4. The paper is clear and easy to follow.
1. If the target concept to be generated does not exist in the retrieval dataset, is there a possibility that irrelevant images may be selected, thereby potentially affecting the generation quality adversely? The paper should include corresponding quantitative analyses.
2. [Retrieval-Augmented Diffusion Models] has proposed a similar concept. The paper should provide a detailed comparison with this work with same base model and dataset, and analyze advantages of ImageRAG.
3. Will the diversity of generated images be constrained by the retrieval dataset, leading to visually similar outputs for same prompts? The paper should include relevant analyses to clarify this.
SDXL+IPA have different image and text input interface, and cannot use the prompt template in Figure 3. How dose the ImageRAG handle models like this? Are the images correctly associated with the corresponding text snippets? |
Fully human-written |
|
ImageRAG: Dynamic Image Retrieval for Reference-Guided Image Generation |
Soundness: 2: fair
Presentation: 3: good
Contribution: 2: fair
Rating: 4: marginally below the acceptance threshold
Confidence: 3: You are fairly confident in your assessment. It is possible that you did not understand some parts of the submission or that you are unfamiliar with some pieces of related work. Math/other details were not carefully checked. |
This paper introduces RAG into text-to-image generation process for some rare or fine-grained concepts. This approach is training-free and model agnostic, and can operate with off-the-shelf image-conditioning interfaces. Image RAG contains four steps: 1/ rough image generation from a text prompt; 2/ use VLM to identify the missing concepts in a CoT process, 3/ retrieve reference images corresponding to the missing concepts from an external dataset; 4/ regenerate the image using these reference images by a generative model. The authors evaluated the method using three different base models, including SDXL, FLUX, and OmniGen, on three benchmarks.

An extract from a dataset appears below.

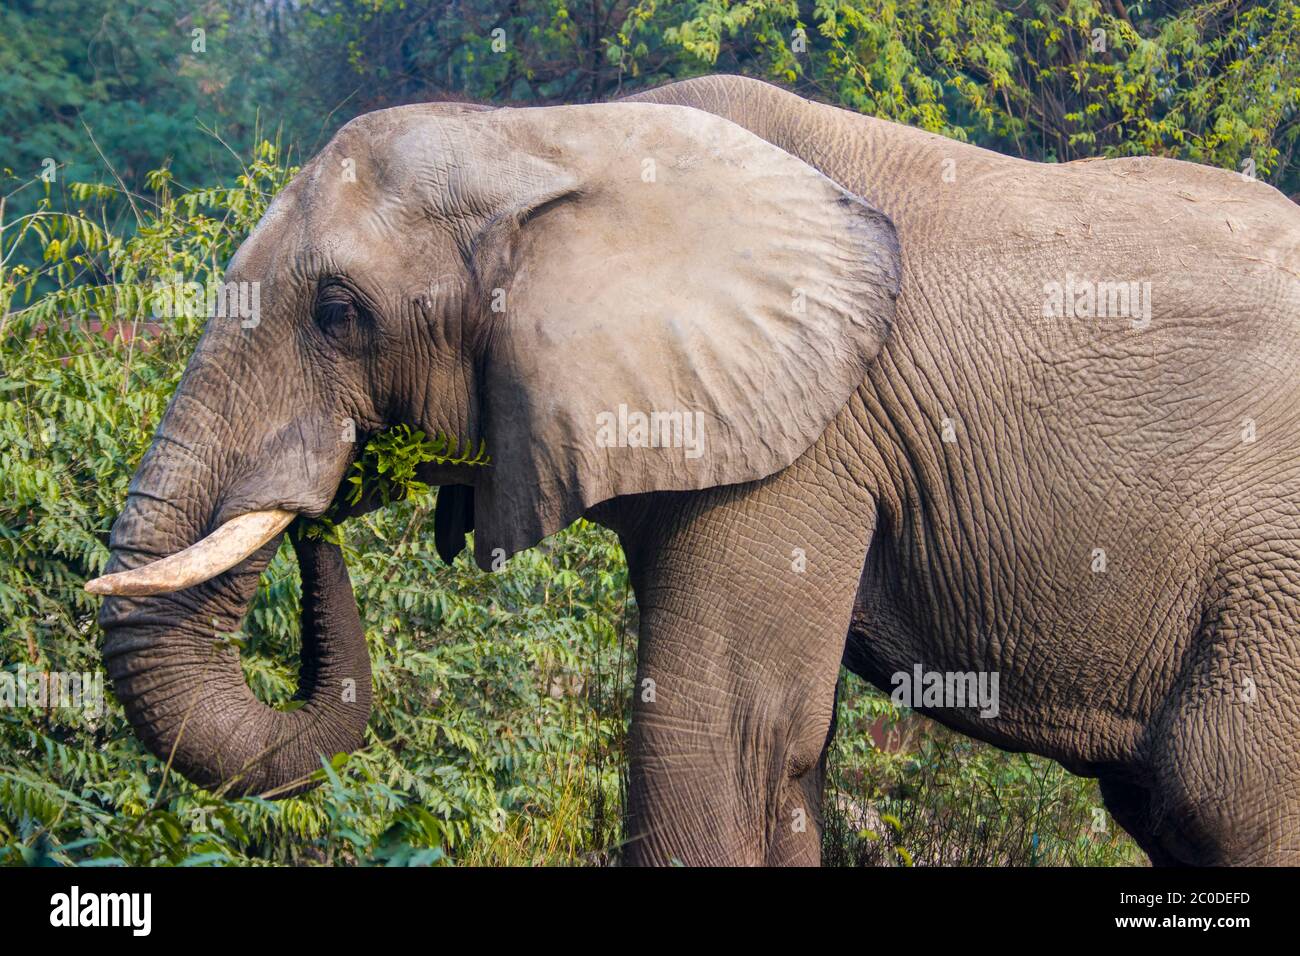 L'elefante africano sciankar mangia in cespuglio nel nuovo zoo di delhi, un elefante che è un dono dello Zimbabwe al governo indiano. Foto Stock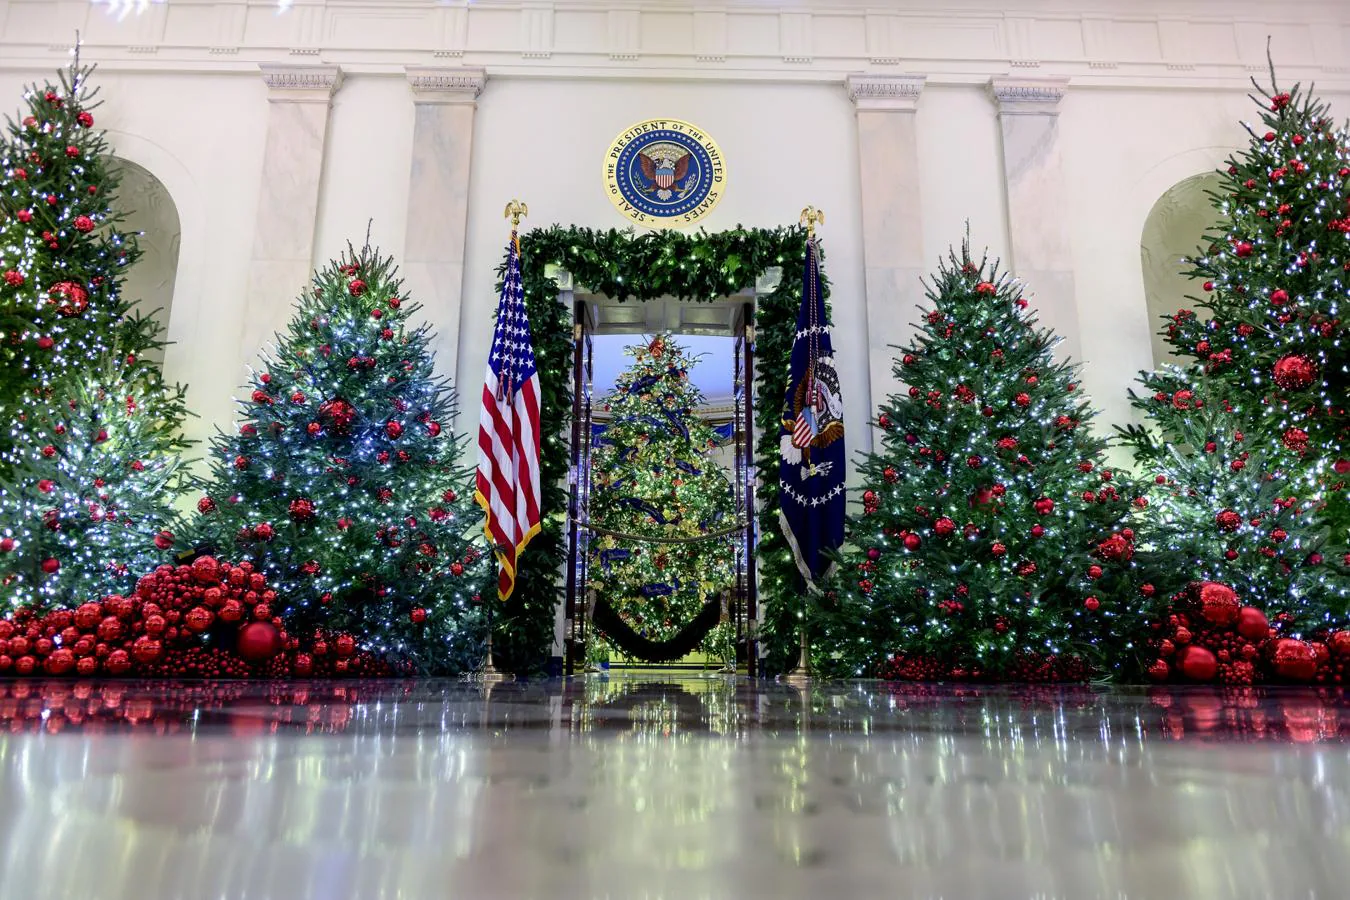 Árbol principal en la Sala Azul. El árbol de Navidad de la Casa Blanca, que sirve como pieza central para las decoraciones navideñas, debe medir unos tres metros de altura y alcanza el techo de la Sala Azul, uno de los principales salones del hogar de Donald Trump y Melania Trump.

- The adaptation of RAG to text-to-image generation is inspiring. It focuses on "polish" the generated image at inference time rather than retraining.
- The formulation of CoT-based retrieval is promising, which is effective for identifying the missing visual elements.
- The evaluation is comprehensive, including qualitative comparisons, user study, and ablation studies. It is good to see that failure cases are included in this paper, which help the reader to better understand the limitation of this paper.
- The applicable scenario is limited. ImageRAG suits most for the scenario where rare or even weird concepts exist, such as "a boston bull", but the successfulness greatly depends on the coverage of the retrieval dataset (e.g. LAION-350K subset). It would be better to see that this method can handle well with the complex and lengthy prompts that are usually more customer-driven.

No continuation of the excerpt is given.